Accommodating Students with Special Dietary Needs
Accommodating Students with Disabling Special Dietary Needs
Schools participating in a federal Child Nutrition Program (School Lunch, School Breakfast or After School Snack Program) are required to make accommodations for children who are unable to eat the school meals because of a disability* that restricts their diet. In order to make modifications or substitutions to the school meal, schools must have a written Medical Statement on file that is signed by a licensed physician. The statement must identify:
- The child’s disability
- An explanation of why the disability restricts the child’s diet
- The major life activity affected by the disability
- The food(s) to be omitted from the child’s diet
- The food or choice of foods that must be provided as the substitute
*Only a physician can declare if a student has a disability.
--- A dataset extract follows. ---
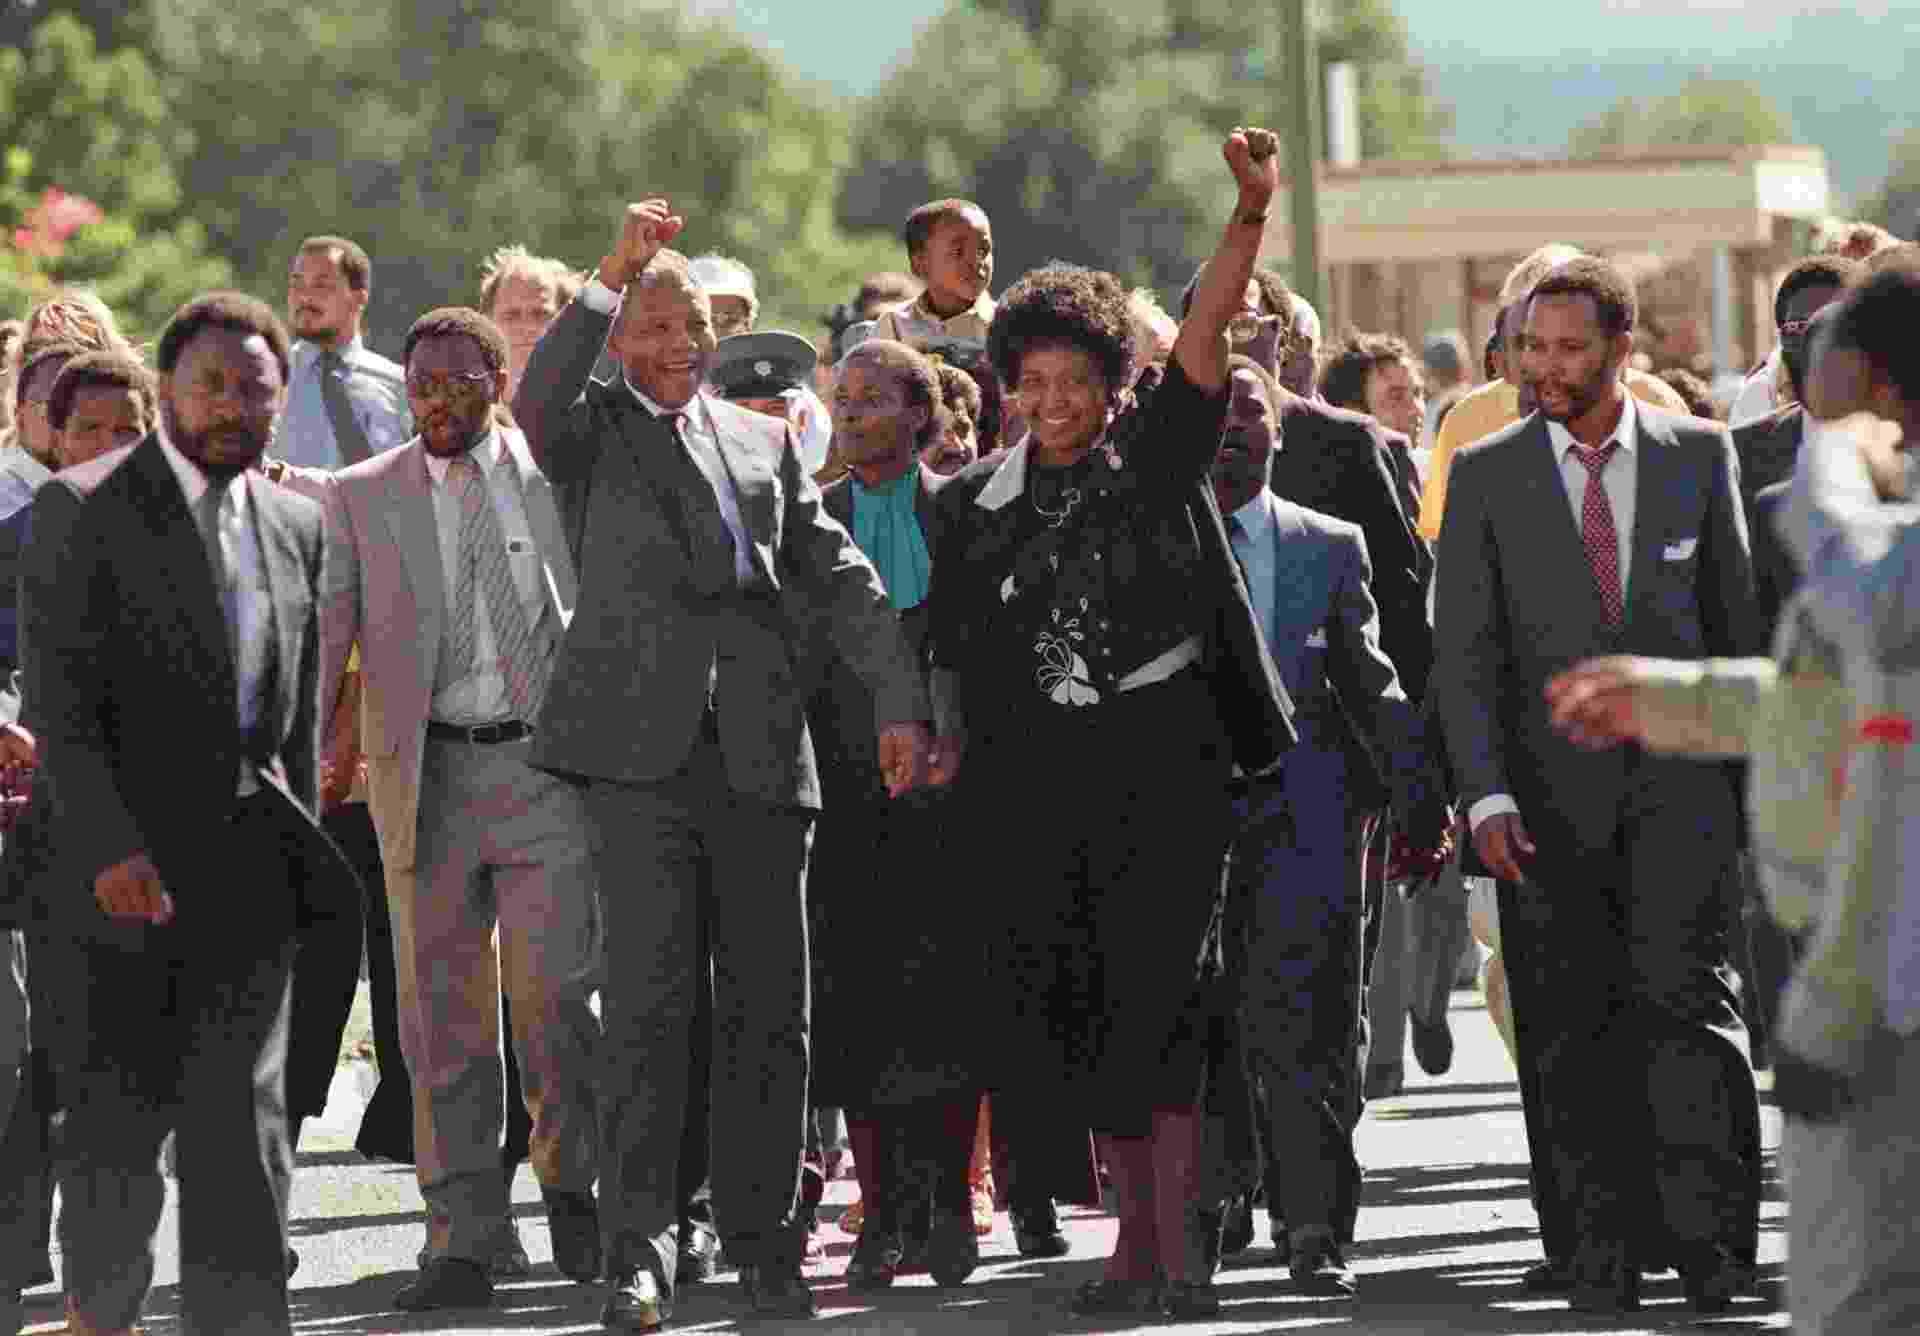 Nelson Mandela deixa a prisão Victor Verster em 11 de fevereiro de 1990; ele ficou 27 anos preso na África do Sul na época do regime do apartheid - AFP

Accommodating Students with Non-Disabling Special Dietary Needs
Schools may, at their discretion, make substitutions for students who have a special dietary need, but do not meet the definition of disability. Examples include food intolerances or allergies that do not cause life-threatening reactions. The decision to accommodate a student’s special dietary need can be determined on a case-by-case basis, however, the school should remain consistent with accommodating special dietary needs. In order to make modifications or substitutions to the school meal, schools must have a written Medical Statement signed by a recognized medical authority identifying the following:
- An identification of the medical or other special dietary condition which restricts the child’s diet
- The food or foods to be omitted from the child’s diet
- The food or choice of foods to be substituted
In Pennsylvania, a recognized medical authority includes a physician, physician assistant, and nurse practitioner.
Milk Substitutions for Students with Non-Disabling Special Dietary Needs
For students with non-disabling special dietary needs which restrict their intake of fluid milk, the following applies.
- A recognized medical authority (physician, physician assistant, or nurse practitioner) may request a fluid milk substitute for a student with a non-disabling medical dietary need, such as milk intolerance, or due to cultural, religious or ethnic beliefs. The request must be made in writing.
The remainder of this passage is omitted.